Now, when you type 1-0.8, the computer takes the floating-point numbers $1$ and $0.8+\delta$ and subtracts them, getting (exactly) the floating-point number $$ \begin{aligned} x &= 1 - (0.8+\delta) = 0.2-\delta \\& = 0.1999999999999999555910790149937383830547332763671875 , \end{aligned} $$ but when printing the result it lies a little and says $0.19999999999999996$. Why doesn't it say $0.2$? The answer is that $x$ is the floating-point number closest to $0.19999999999999996$, so if you were to continue the computation by typing 0.19999999999999996 it would use exactly the number $x$, just as if you had stored that value in a variable, whereas if you type 0.2 the computer would use the floating-point number closest to $0.2$, which is not $x$ but the floating-point number two notches above $x$, $$ x + 2 \cdot \tfrac{\varepsilon}{8} = 0.200000000000000011102230246251565404236316680908203125 . $$ (Remember that the spacing between floating-point numbers in the interval $[0.125, 0.25)$ is $\tfrac{\varepsilon}{8}$.) So the computer gives a simplified result which is good enough that you can recreate the actual (floating-point) result from it.
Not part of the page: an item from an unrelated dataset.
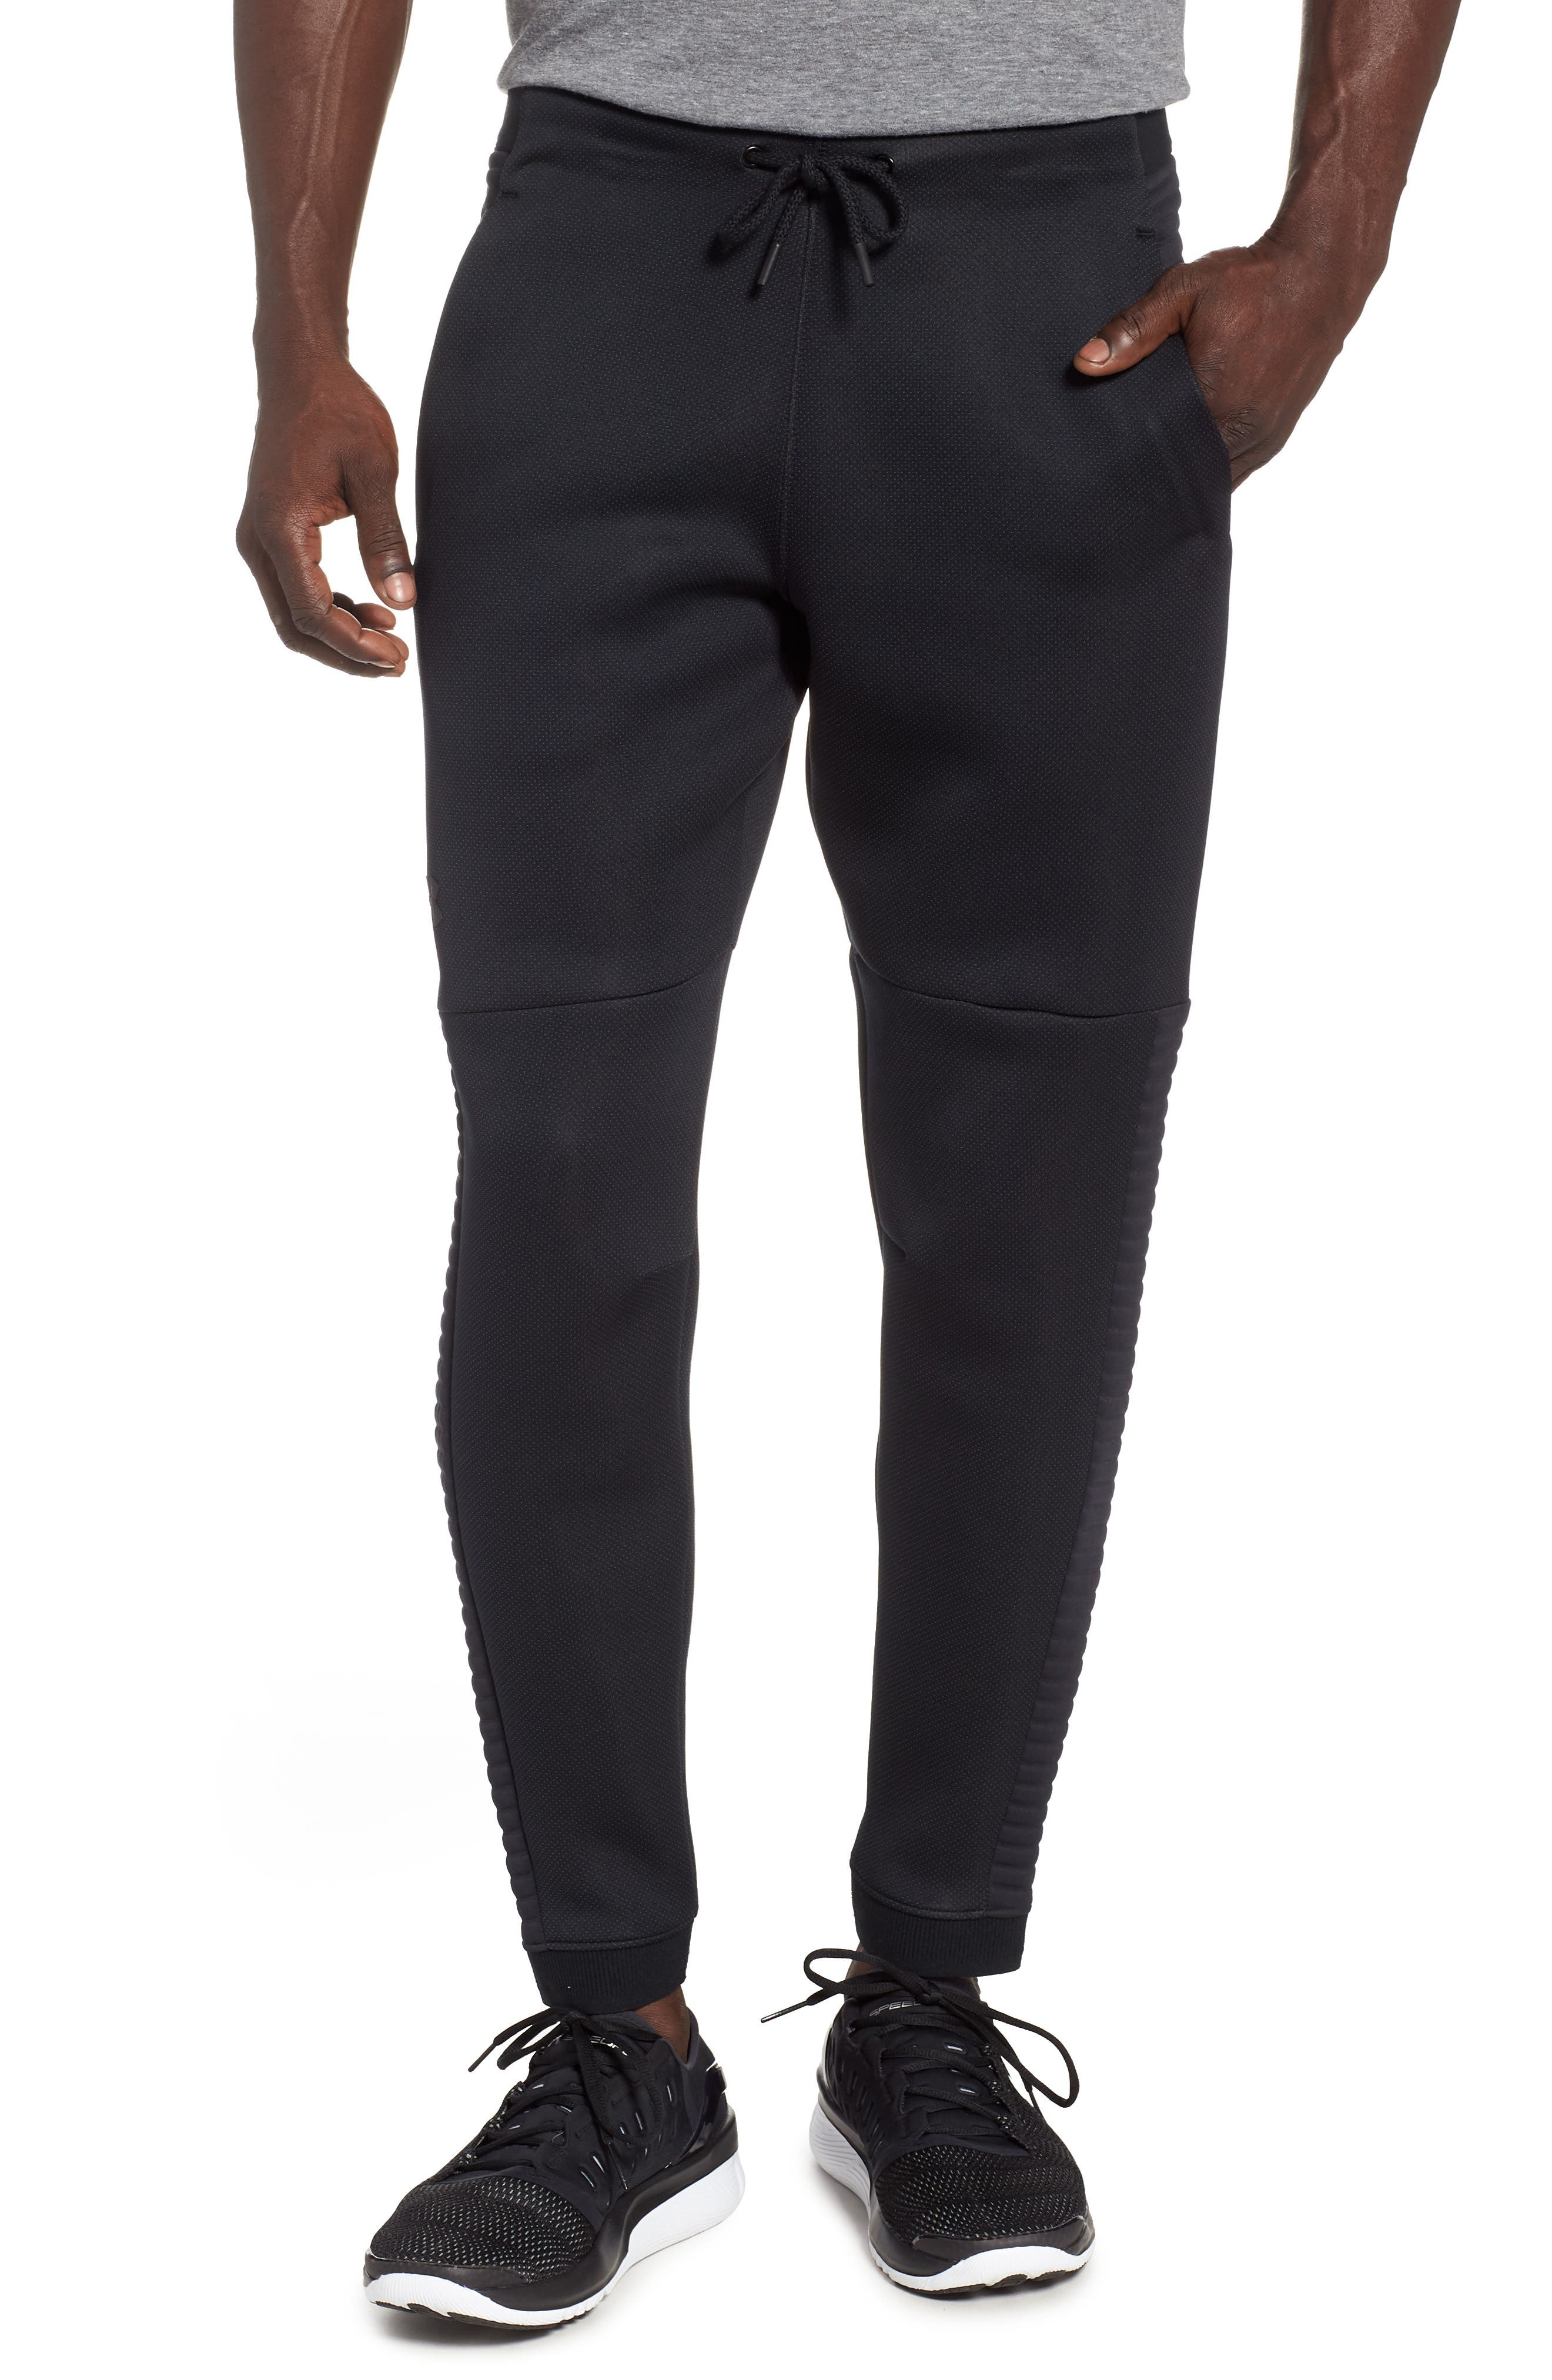 Unstoppable Move Airgap Pants,                             Main thumbnail 1, color,                             BLACK/ CHARCOAL/ BLACK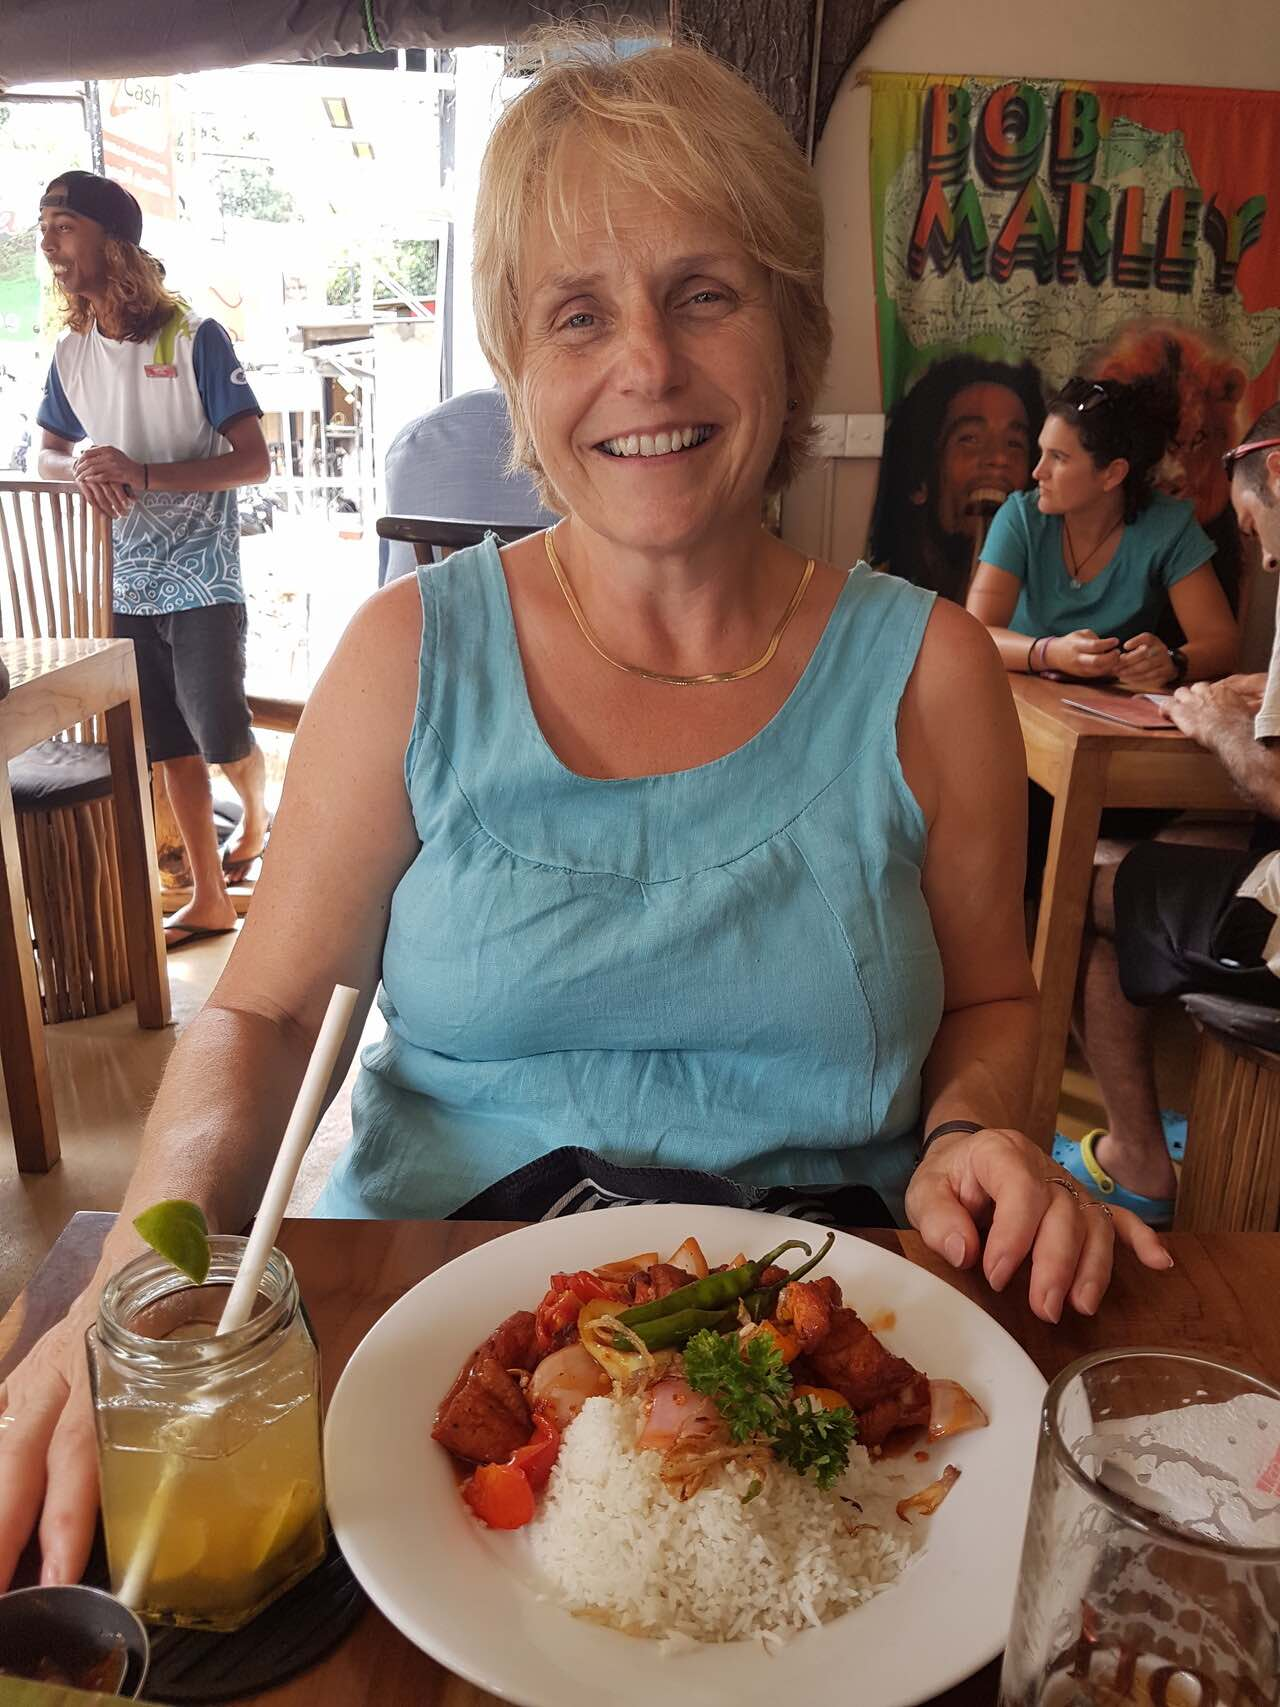 sri-lanka-local-restaurant-holiday-review-feedback-invite-to-paradise-quentin-kate-hulm.jpg

On the other hand, the floating-point number closest to $0.4$ is $$ 0.4 + \frac{\delta}{2} = 0.40000000000000002220446049250313080847263336181640625 , $$ where the error is only half of the error for $0.8$, since $0.4$ lies in the interval $[0.25,0.5)$, where the floating-point numbers are twice as densely spaced as in the interval $[0.5,1)$ where $0.8$ lies. So when you type 1-0.4 the computer will calculate the floating-point number $$ \begin{aligned} y &= 1 - (0.4 + \tfrac{\delta}{2}) = 0.6 - \tfrac{\delta}{2} \\& = 0.59999999999999997779553950749686919152736663818359375 , \end{aligned} $$ but as usual it lies a little and gives the simplified result $0.6$, and that's because in this case $y$ is actually the floating-point number closest to $0.6$.

So to sum things up, when doing 1-0.8 you (a) have a cruder approximation to the second term than when doing 1-0.4, and (b) the result ends up in an interval where the floating-point numbers are more densely spaced, so that they can “pick up” that error.

Answer 2

This is due to the representation and precision issues of floating-point numbers in computer systems. Floating-point numbers are represented in binary rather than decimal in computers. Since binary cannot precisely represent certain decimal fractions, rounding errors can occur.

In your example, the result of 1 - (40 / 100 * 2) should be 0.2, but due to the precision limitations of floating-point numbers, the computed result may have a slight deviation and be displayed as 0.19999999999996.

If you need more accurate calculation results, you can consider using the Decimal type or rounding operations to handle the precision issues of floating-point numbers. For example, you can use the round() function to round the result:

print(round(1 - (40 / 100 * 2), 2))

This will approximate the result to two decimal places and output 0.2.

The round() function in Python is used to round a number to a specified decimal place or to the nearest whole number. It takes two arguments: the number to be rounded and the number of decimal places (or zero for rounding to the nearest whole number).

Here's an example to illustrate the usage of the round() function:

num1 = 3.14159
rounded_num1 = round(num1, 2)
print(rounded_num1)

In this example, the variable num1 stores the value 3.14159. By calling round(num1, 2), we round num1 to two decimal places. The result, assigned to rounded_num1, will be 3.14. The output will be:

3.14

Similarly, if we want to round a number to the nearest whole number, we can pass 0 as the second argument:

num2 = 2.7
rounded_num2 = round(num2)
print(rounded_num2)

In this case, the variable num2 stores the value 2.7. By calling round(num2), we round num2 to the nearest whole number. The result, assigned to rounded_num2, will be 3. The output will be:

3

The round() function is useful for controlling the precision of floating-point numbers or for obtaining whole numbers when needed in your Python programs.